Making Digital Humanists Cry

Week 4: HTML, CSS, and Typography

A few years ago, I took a class in front-end web development, so the introduction to HTML and CSS was review for me. However, I have not used my training since the course, and I have forgotten a lot. The reading, therefore, was a review of what I once knew, rather than what I know now. The section about the placements of block and float was a traumatic reminder of what I struggled with the first time. This is why people use website builders and CMS software.

As for typography, that is what I love. Typography is both an art form (I’ve taken letterpress classes for God’s sake) and related to the history of the book. I own and refer to the book Typography for Lawyers by Matthew Butterick. It is not only for lawyers, as it offers simply good advice about layout and typography in a text-heavy context. And whatever you do, use smart quotes, and the Oxford comma. I also enjoyed the book Just My Type: A Book About Fonts by Simon Garfield. There’s an entire section about why people hate Comic Sans. Oh, I’ve seen the documentary film Helvetica.
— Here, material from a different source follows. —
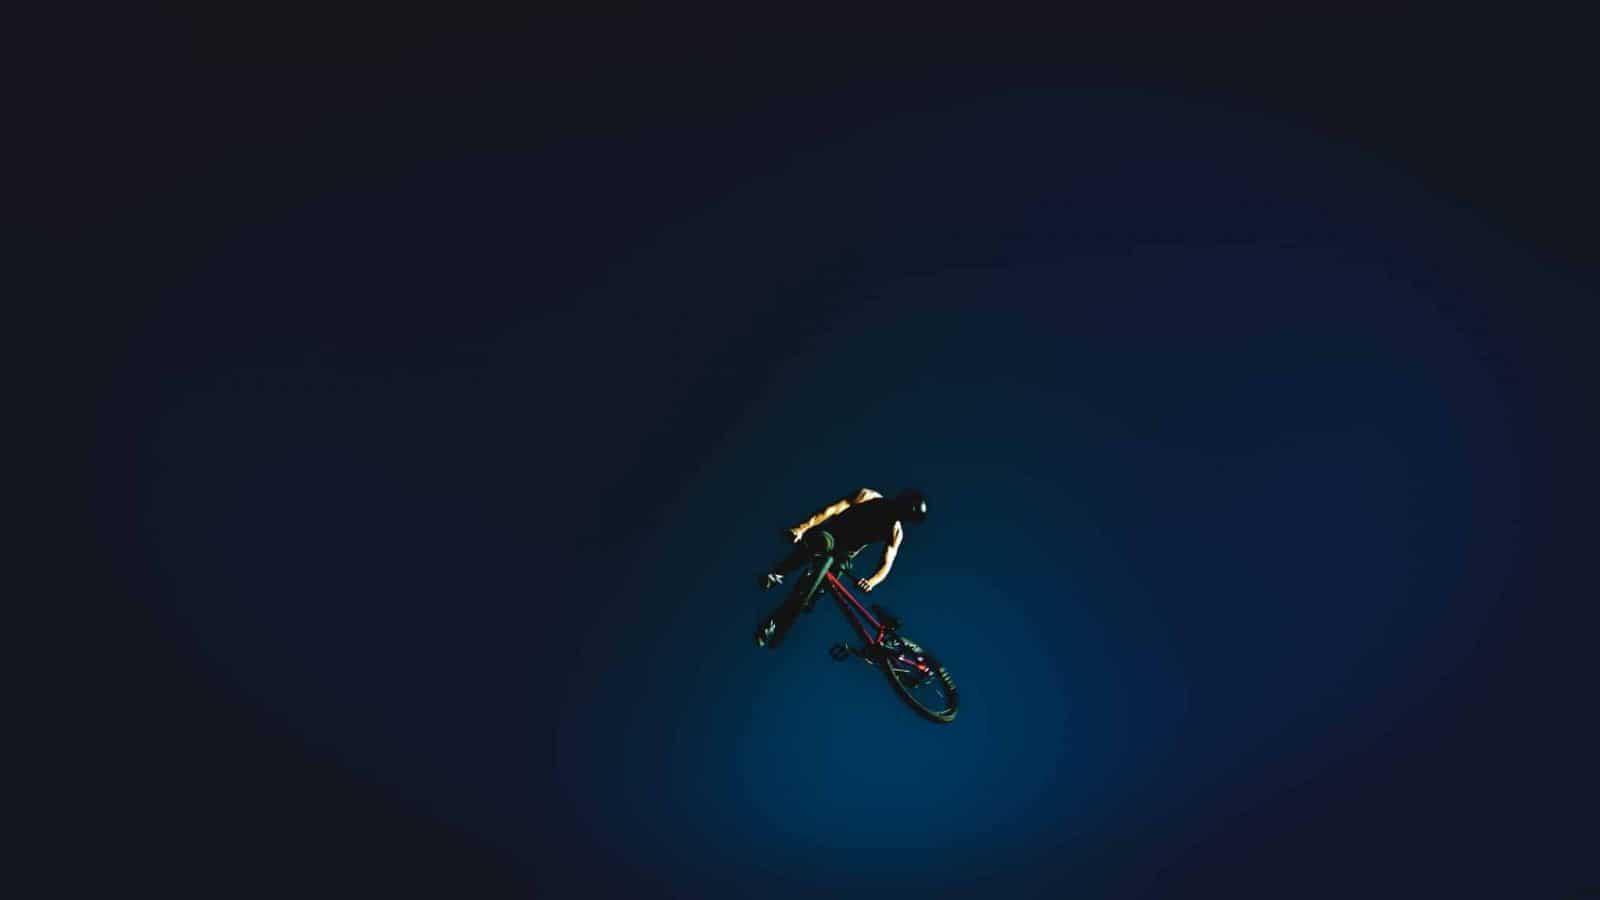 ein biker in der luft

While it was drilled into us as junior lawyers that seemingly small spelling or citation errors matter to the reader, content still matters more. Good formatting merely makes it easier for the reader, so that the reader has to do less work to follow your argument. However, mimicking the book on the web is not taking advantage of the medium. Design is important if it conveys professionalism, attention to detail, and keeps your audience engaged.

Digital humanities is almost always a team effort and as such, it may conflict with the individual researcher model embedded in tenure. This need not be so, but universities are slow to change. Moreover, an academic attempting to go it alone may end up taking too much on and being mediocre in both the digital and the humanities. Would digital humanities become a field like bio-chemistry? A mixture of two specialties? Maybe, but biology and chemistry are neighboring spaces, whereas computers and humanities are not. At least not as presently conceived.

I think there might be more interesting digital scholarship in the library, archive, and museum (LAM) community as a result. Within LAM institutions, there is less focus on the individual as creator and more collaborative projects.